A systematic review of 14 randomized trials concluded that patients managed with external ankle supports had a reduced risk of sprain (RR 0.53, 95% CI 0.40-0.69); however, the protective effect of high-top shoes, in particular, has not been established [41] . The reduction in risk was greater for those with a previous ankle sprain than in primary prevention. External supports did not appear to alter the severity of ankle sprains that did occur or change the incidence of other leg injuries. The authors concluded that further research was needed comparing various external ankle supports and on interventions such as taping, strengthening, and proprioceptive training.

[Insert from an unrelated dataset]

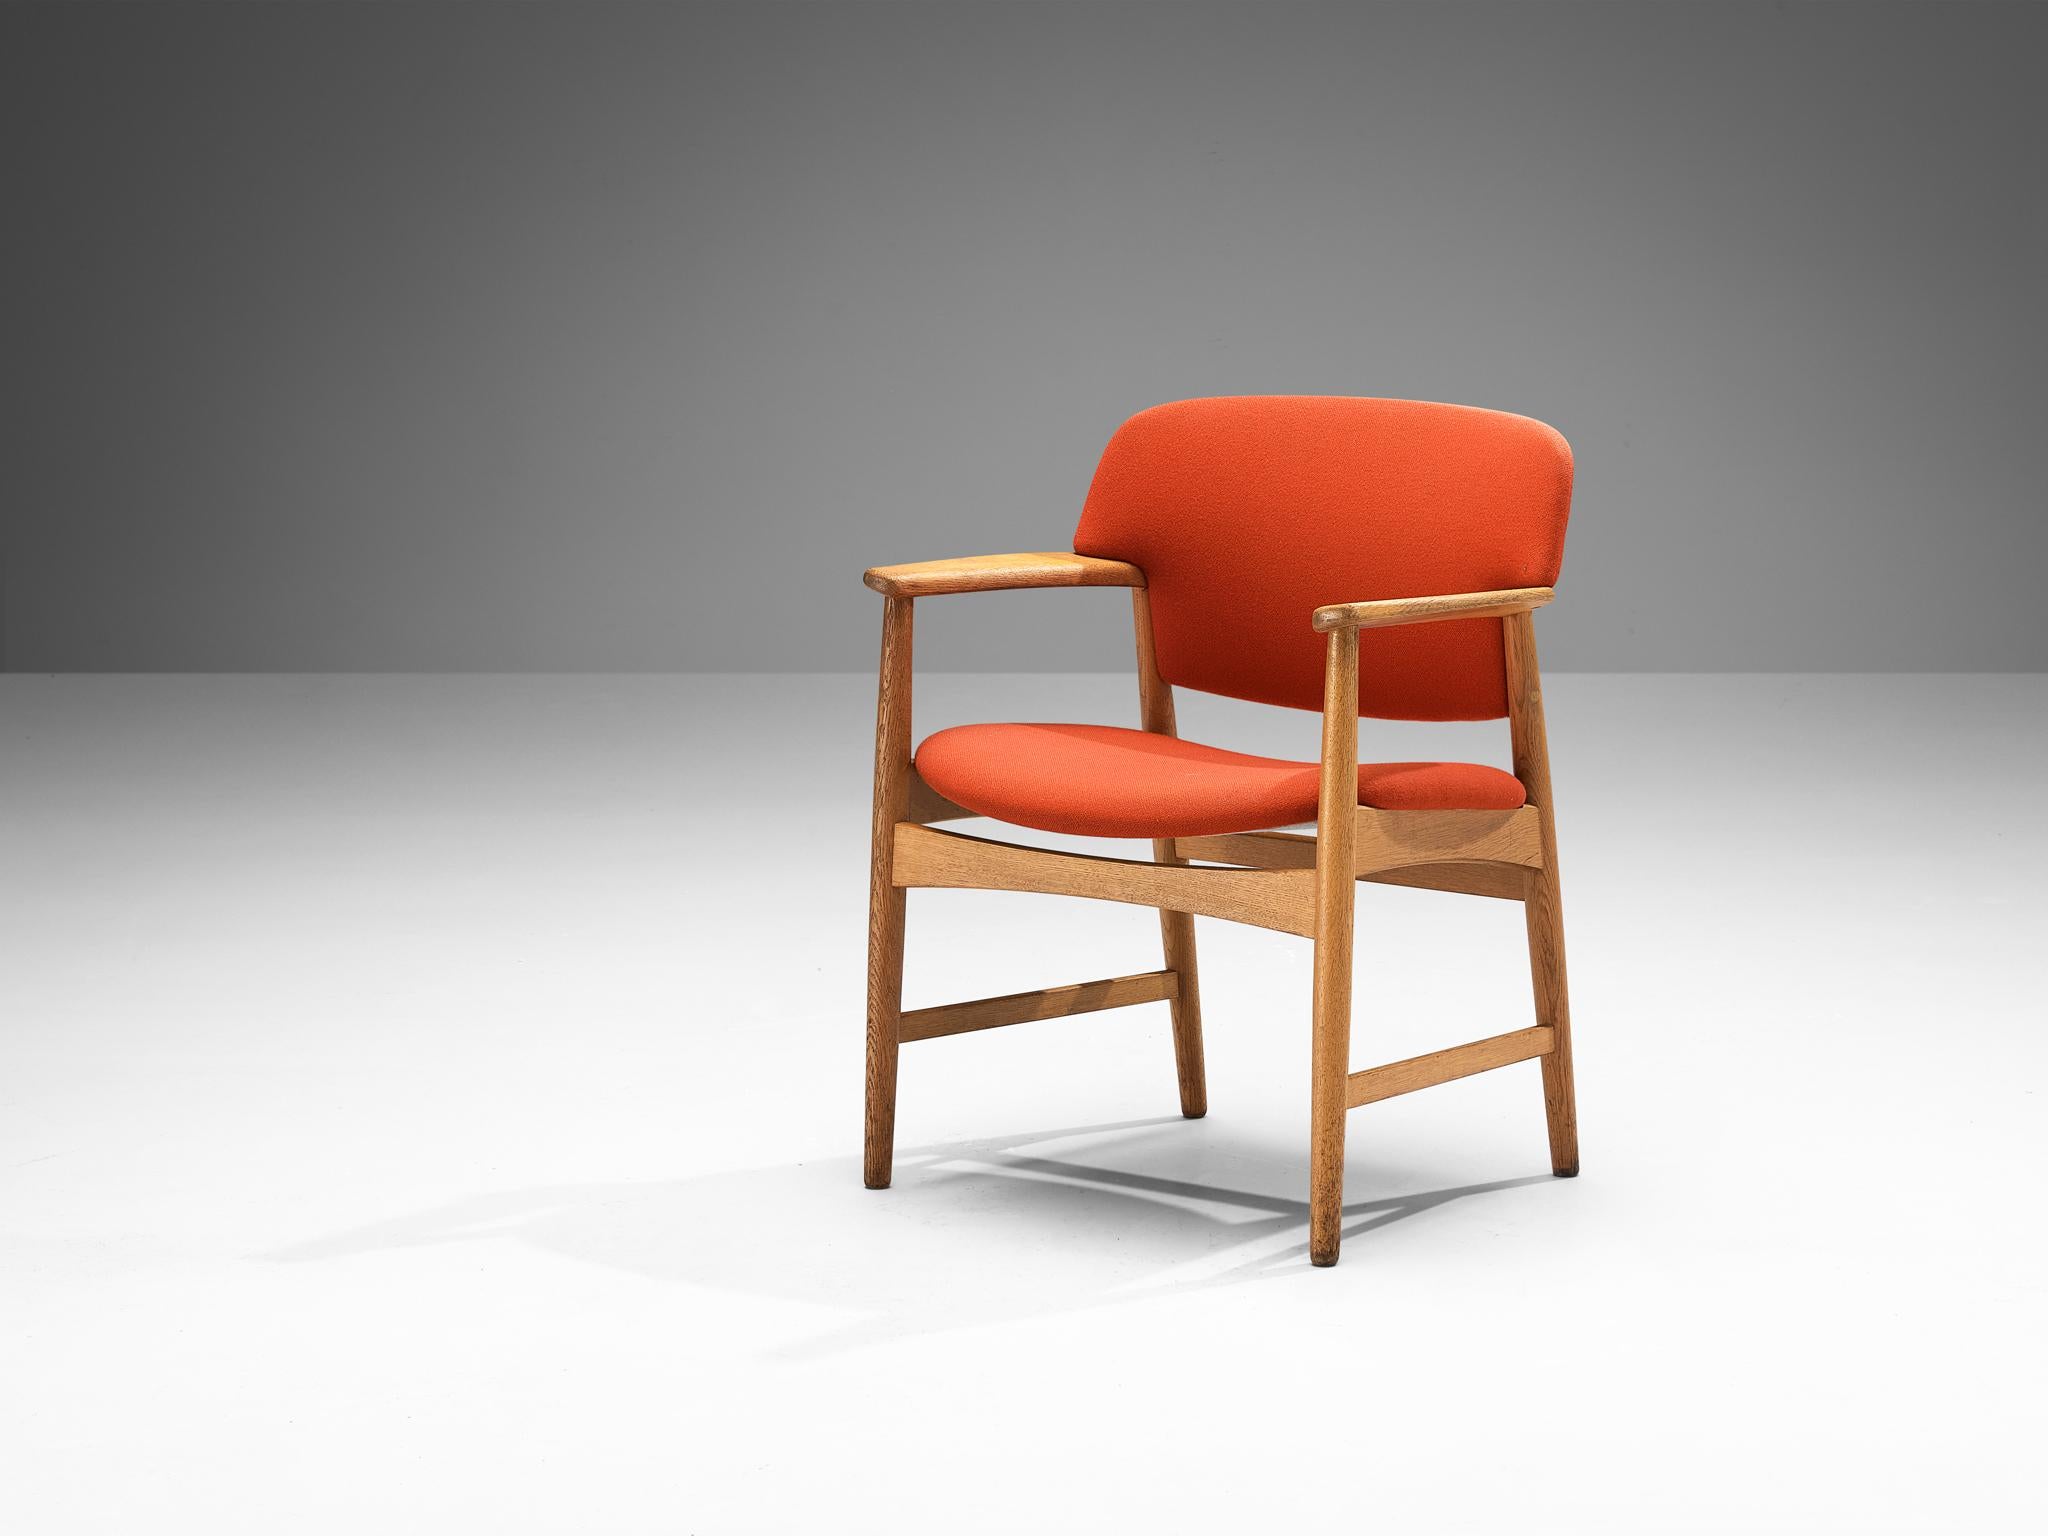 Einar Larsen & Aksel Bender-Madsen pour Fritz Hansen, modèle 4205, tapisserie orange, chêne, Danemark, années 1950

Cette large chaise de salle à manger est exécutée avec un dossier arrondi. La chaise est dotée d'un cadre en chêne blond et de bords

A meta-analysis of eight studies that looked at prevention of ankle sprains found variability in study methodology and design, but concluded that while ankle braces and taping both appeared to be somewhat effective, braces appeared to be superior to taping [42] . Proprioceptive training appeared to be equally effective in primary and secondary prevention of ankle injuries.

Athletes may have concerns about decreased performance with external ankle supports. A study that looked at running and jumping performance found differing results depending on the specific brace or method (such as taping) used, but in no case did a support decrease performance by more than 5 percent [43] .

Two randomized controlled trials conducted with high school and young adult athletes found that proprioceptive balance training reduced the incidence of ankle sprains among players with prior ankle sprains [28,29] .

SUMMARY AND RECOMMENDATIONS — The mechanism of most ankle sprains is an inversion injury to the lateral ligaments of the ankle. (See 'Classification of ankle sprains' above.)

For patients presenting with an acute ankle injury:

  • Perform a careful history to determine the mechanism of injury (to direct the examination), whether the patient could walk after the injury (important for the Ottawa ankle rules), and whether the ankle had been previously injured (patients with a history of ankle sprains are at increased risk for new sprains). (See 'History' above and 'Physical examination' above.)
  • Perform a careful physical examination, with particular attention to the areas covered by the Ottawa ankle rules (see 'Ottawa ankle rules' above).
  • To rule out an ankle fracture, obtain anteroposterior, lateral, and mortise plain films of the ankle, if indicated by the Ottawa ankle rules (see 'Ottawa ankle rules' above).
  • Patients with a positive squeeze test or positive external rotation stress test may have a syndesmosis injury. Syndesmosis injury can be confirmed with MRI. Patients with a syndesmosis injury should be referred to an orthopedic surgeon. (See 'Squeeze test' above.)
  • Orthopedic referral is necessary for a fracture, dislocation or subluxation, syndesmosis injury, tendon rupture, wound penetrating into the joint, and an uncertain diagnosis. Patients with neurovascular compromise (distal findings of decreased sensation, motion, or circulation) require emergent evaluation.
  • Initial treatment consists of rest, ice, compression, elevation (RICE), early mobilization, and support orthosis with early weight bearing. (See 'Immediate therapy' above.)
  • Treatment of severe (grade III) sprains is controversial. It is reasonable, particularly if mobilization is painful and compliance likely to be difficult, to initiate treatment with a brief period (10 days) of nonweightbearing and immobilization in a cast or in a combination of a rigid splint and elastic bandage. Early functional rehabilitation can be started once immobilization is discontinued. (See 'Immobilization' above.)
  • Referral to a physical therapist for advanced functional rehabilitation can be helpful. (See 'Rehabilitation' above.)

For patients with persistent symptoms:

  • In patients with symptoms that persist for more than six to eight weeks, obtaining an MRI can help to rule out conditions such as talar dome fractures or syndesmosis injury.
  • Referral to an orthopedic surgeon can be useful for patients with chronic ankle instability. (See 'Indications for referral' above.)

For prevention of reinjury in patients with a history of ankle sprain:

  • Institute proprioception and strength training, possibly under the guidance of a physical therapist. (See 'Prevention' above.)